"""

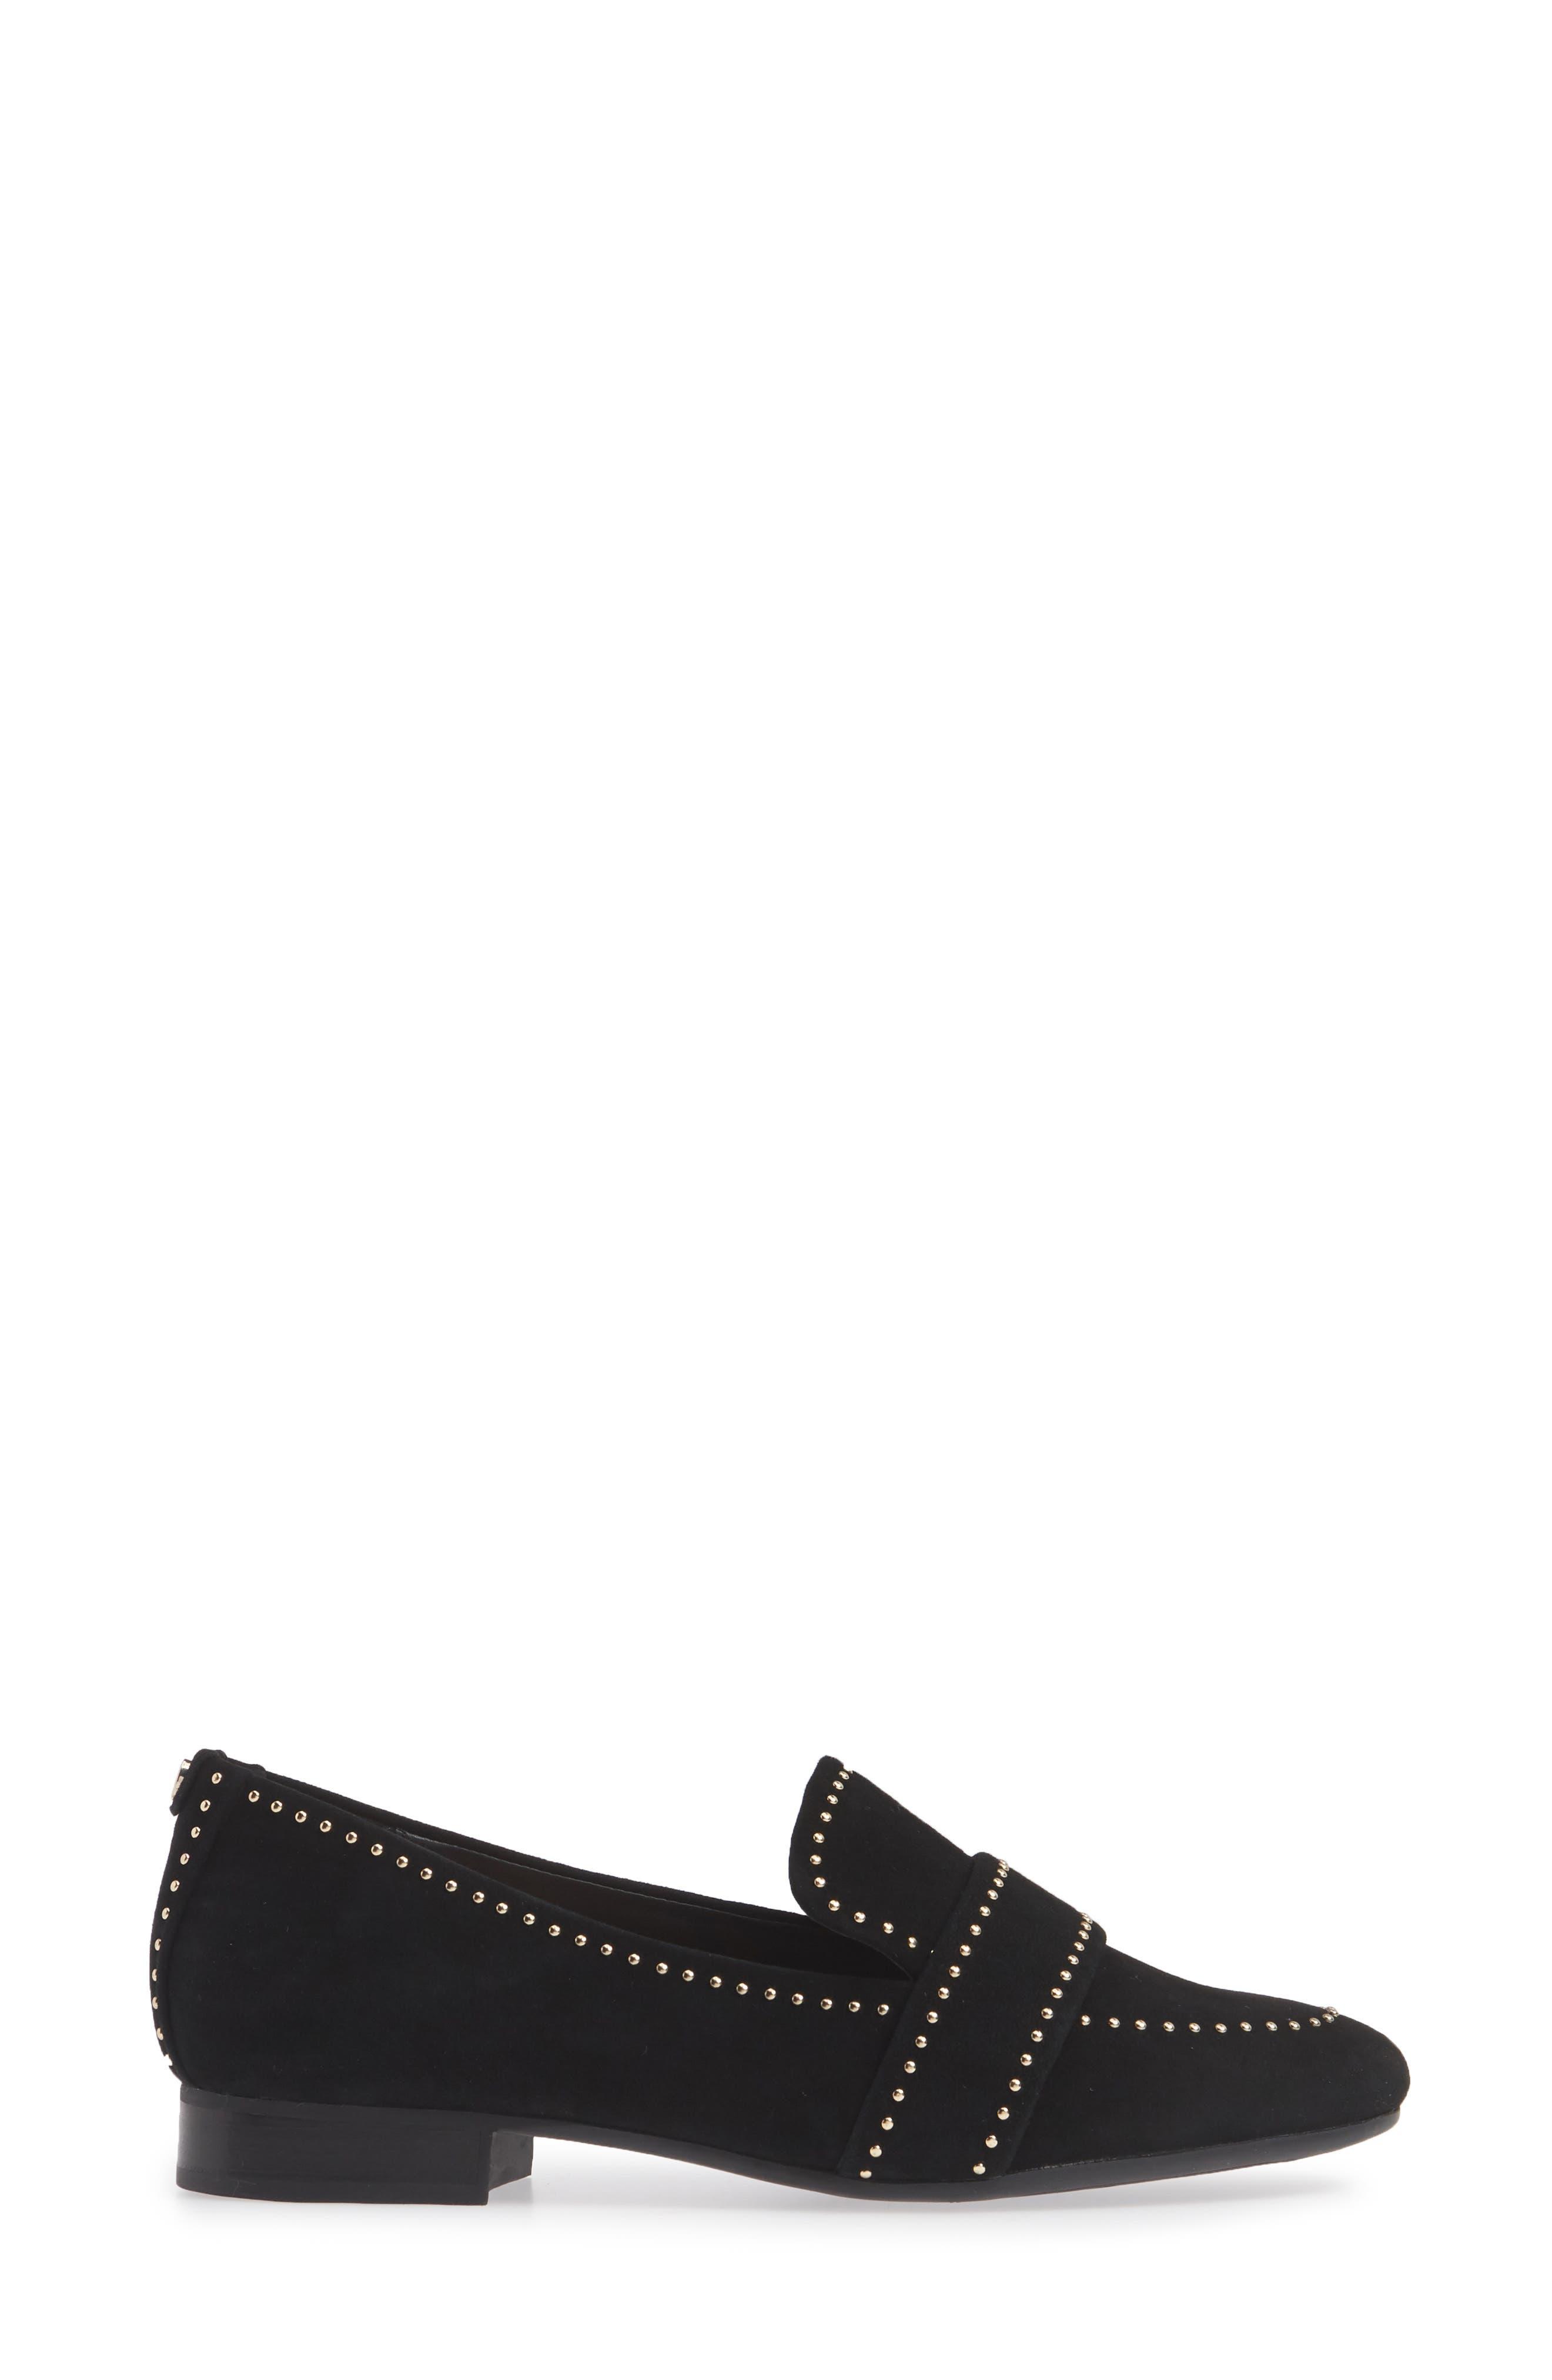 TARYN ROSE, Bristol Loafer, Alternate thumbnail 3, color, BLACK SUEDE
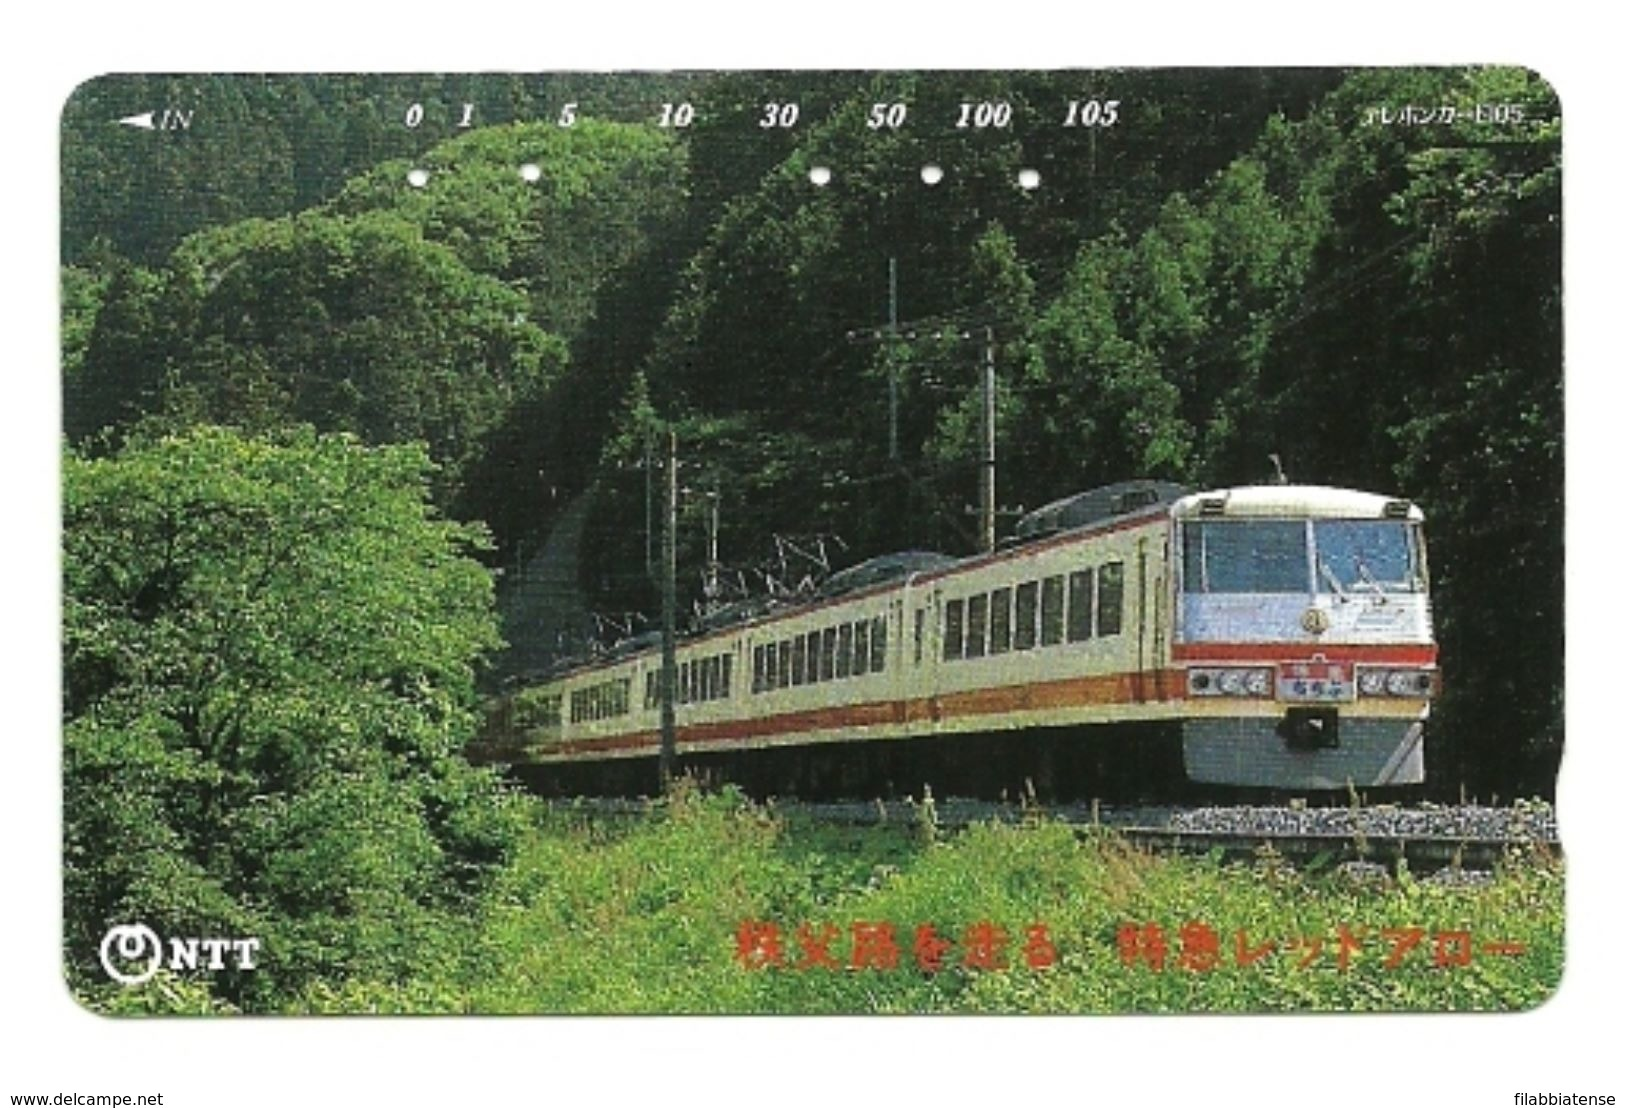 Giappone - Tessera Telefonica Da 105 Units T330 - NTT, - Treni
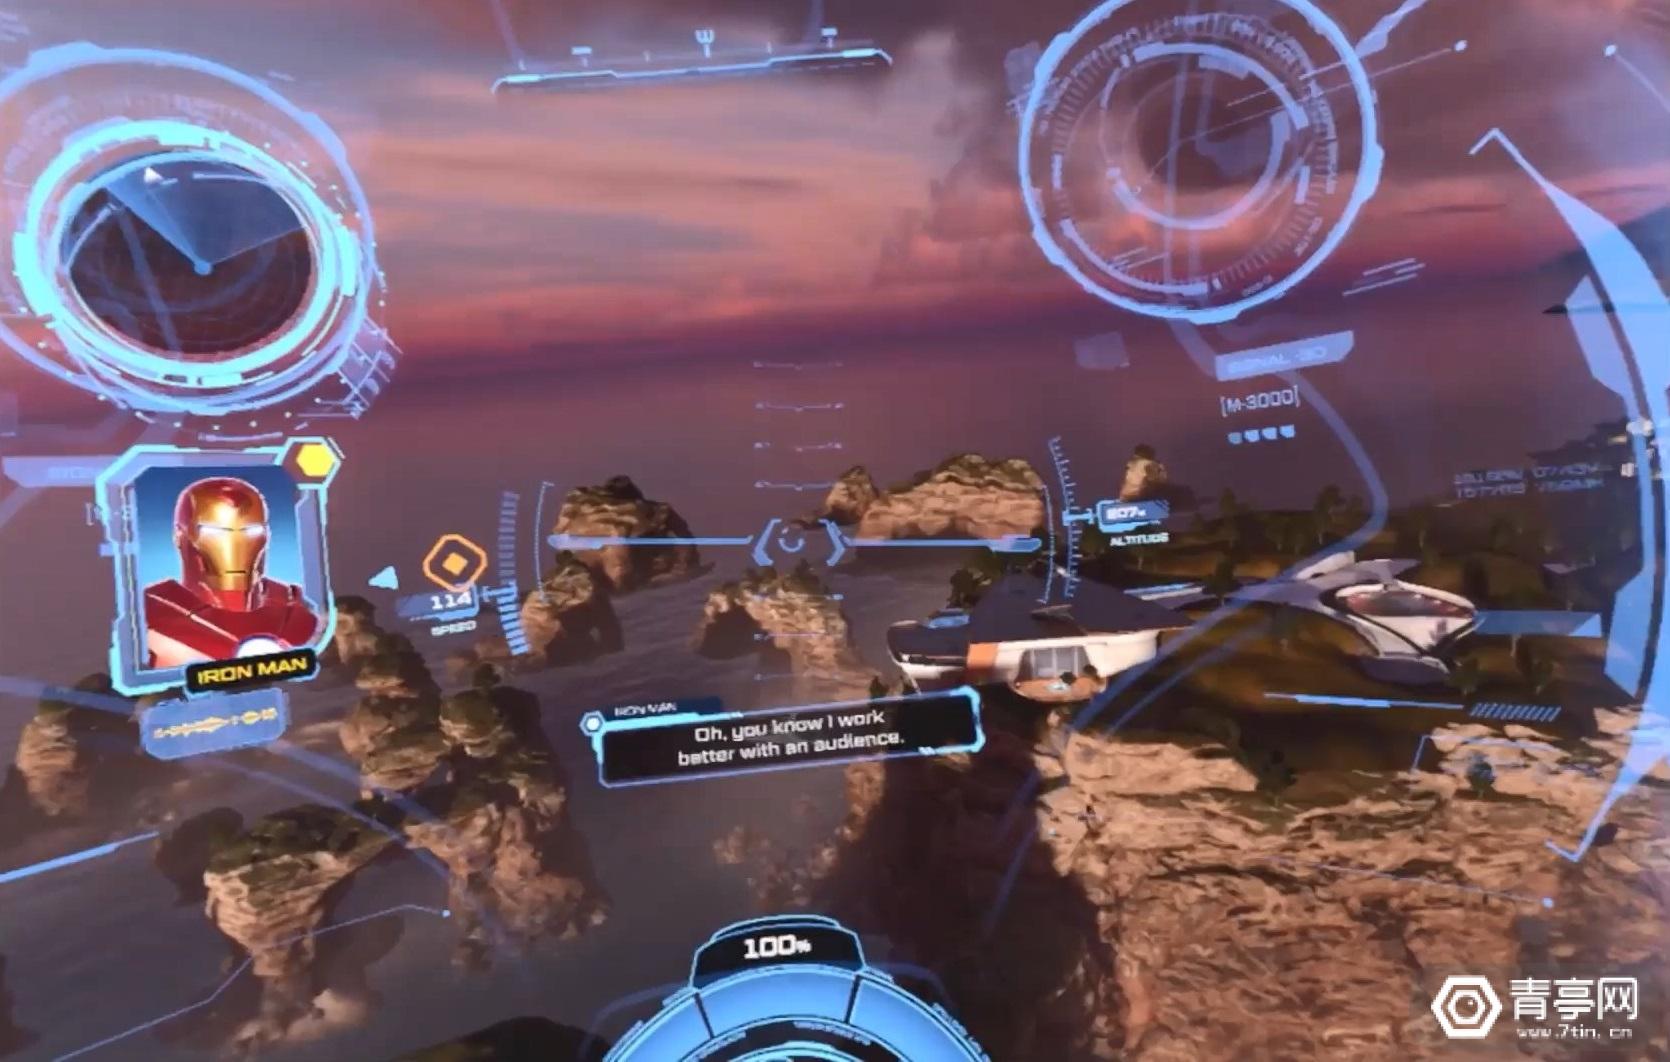 《漫威钢铁侠VR》试玩版实机演示,穿上盔甲刺激空战
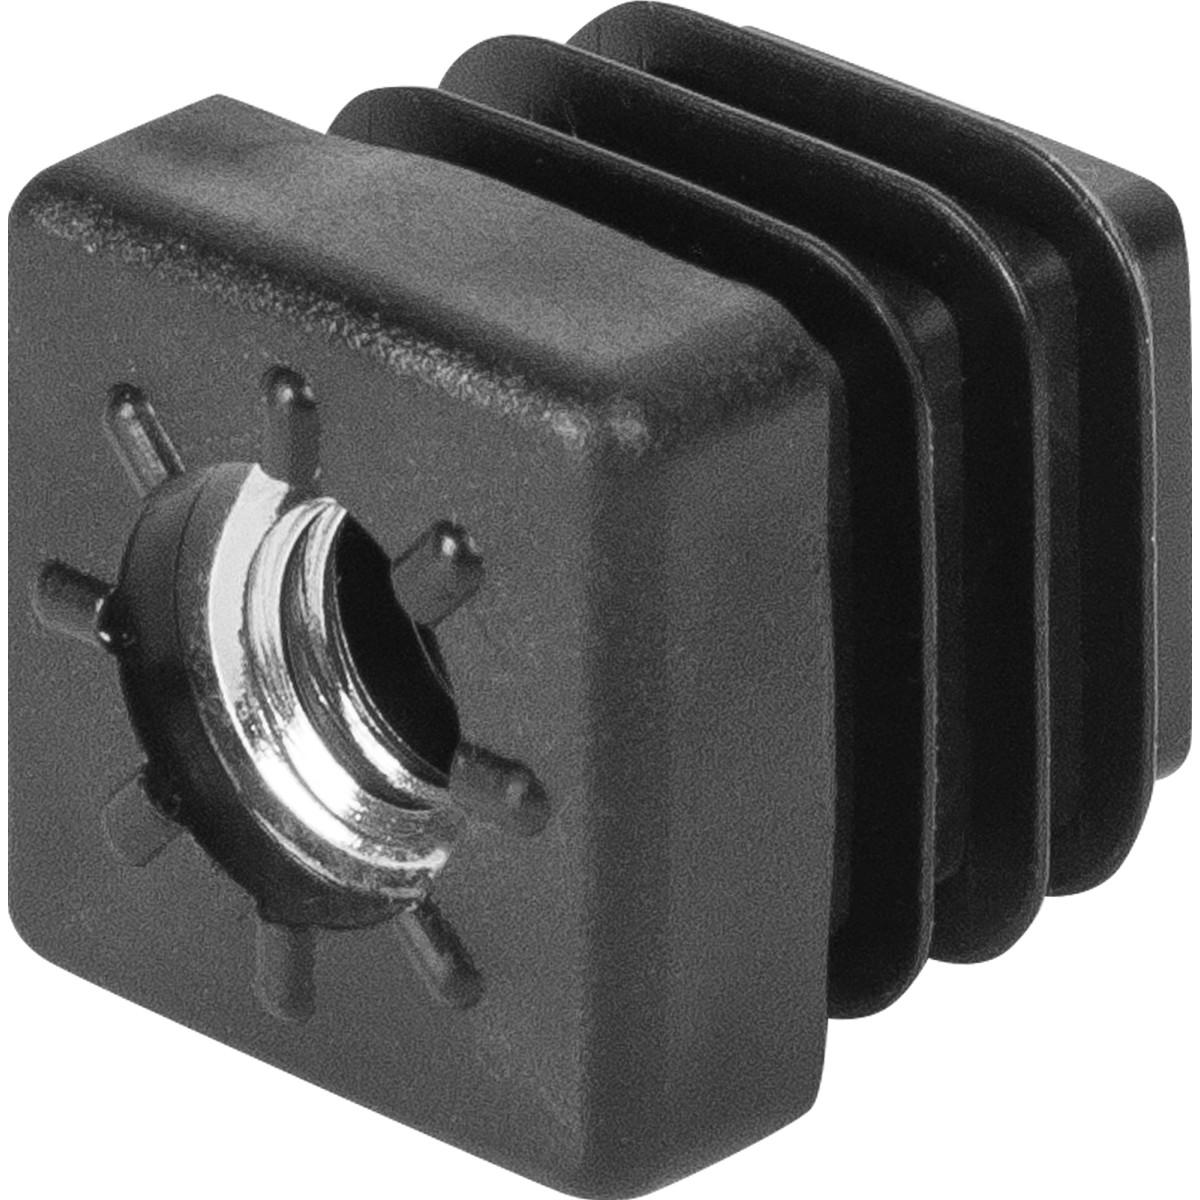 Заглушка для трубы 20x20 мм с отверстием М8 4 шт.

"""

Task description:
When you retype the listing, keep every line exactly as it is and drop the pictures.

Response for this exercise:
 TARYN ROSE, Bristol Loafer, Alternate thumbnail 3, color, BLACK SUEDE
 Giappone - Tessera Telefonica Da 105 Units T330 - NTT, - Treni
 《漫威钢铁侠VR》试玩版实机演示,穿上盔甲刺激空战
 Заглушка для трубы 20x20 мм с отверстием М8 4 шт.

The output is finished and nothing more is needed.